In recent years, “we bought houses with no money down, took on huge amounts of debt and let the booming stock and housing markets perform the heavy lifting of saving,” Gross writes. Well, speak for yourself. But, ironically, it’s exactly the people who behaved badly who are now likely to be bailed out.
Consider somebody who started saving in 1999. He’s been maxing out the IRA and 401(k), year-in and year-out. Meanwhile, his neighbor bought a house he couldn’t afford with no money down. That loan was backed by the government through Fannie Mae.
In recent months, our hypothetical saver has been wiped out. All his market gains from a decade of thrift are gone. The major indexes are below where they were when he started making money on the dot.com boom of the ’90s.
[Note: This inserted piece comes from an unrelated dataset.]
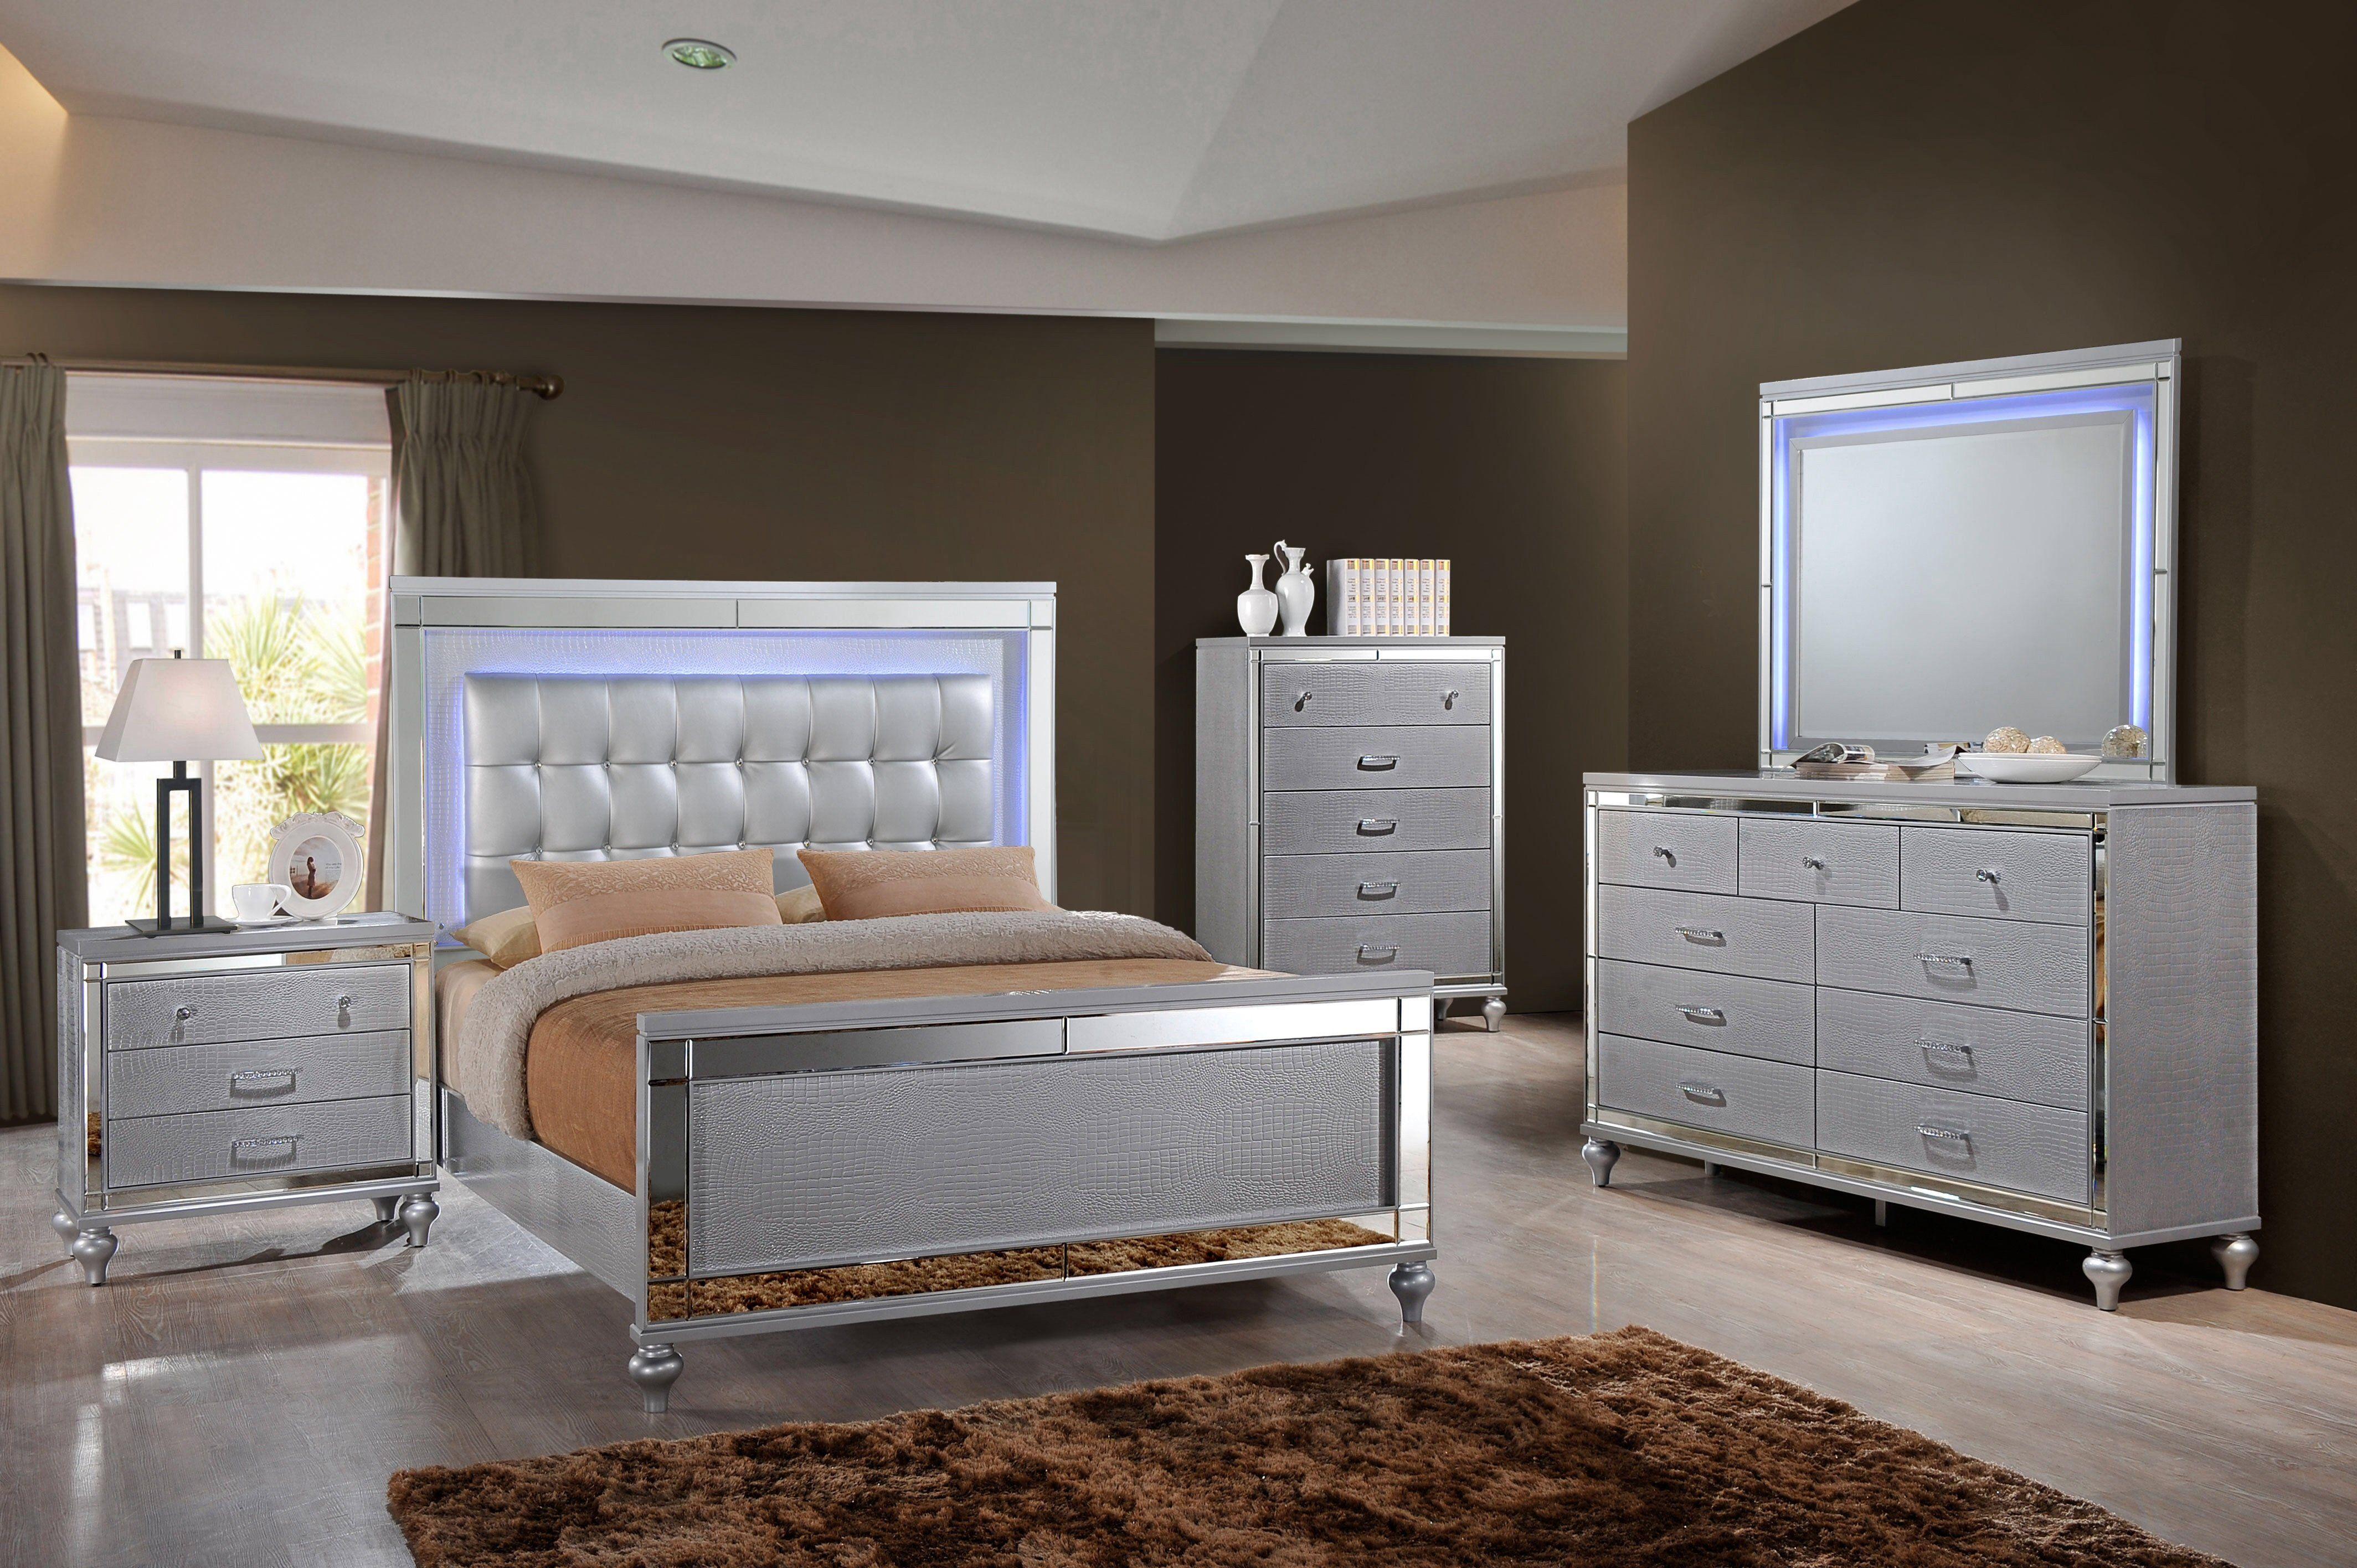 Weekly Or Monthly Led Lit Valentino Silver Aligator Queen Bedroom Group Bedroom Set Bedroom Design Bedroom Sets

The irresponsible neighbor can now expect help. As Treasury Secretary Timothy Geithner wrote this week in The Wall Street Journal, “We launched a broad program to stabilize the housing market by encouraging lower mortgage rates and making it easier for millions to refinance and avoid foreclosure.”
But the frugal investor won’t get a bailout. He has no choice but to sit, watch, wait and hope. There’s no way Washington’s going to make him whole; he’s got to trust Wall Street.
Meanwhile, inflation is certainly coming. With all the money the government is borrowing and spending, and all the money the Federal Reserve and other central banks are pumping out, inflation -- which, like “recession,” became a forgotten word in most people’s professional lifetimes -- is coming back. There’s too much cash sloshing around for us to avoid inflation forever.
This, too, would benefit the irresponsible neighbor. Over the years inflation would reduce the actual amount the neighbor needs to pay, since he’d be paying back dollars that are worth less than the ones he borrowed. It’s a win-win for foolishness. Meanwhile, inflation will further reduce the saver’s nest egg.
During her Meet the Press appearance, Romer added, “over the long haul I’m hoping we’ll come back to probably a higher savings rate, because we know we were at kind of a historic low before this all happened.”
A lovely hope, but there’s no reason to expect it to come to pass. Saving seems like a fool’s game these days. As he presses his big spending plans, the president should be aware that a country that rewards bad behavior will only get more of it. Drink up!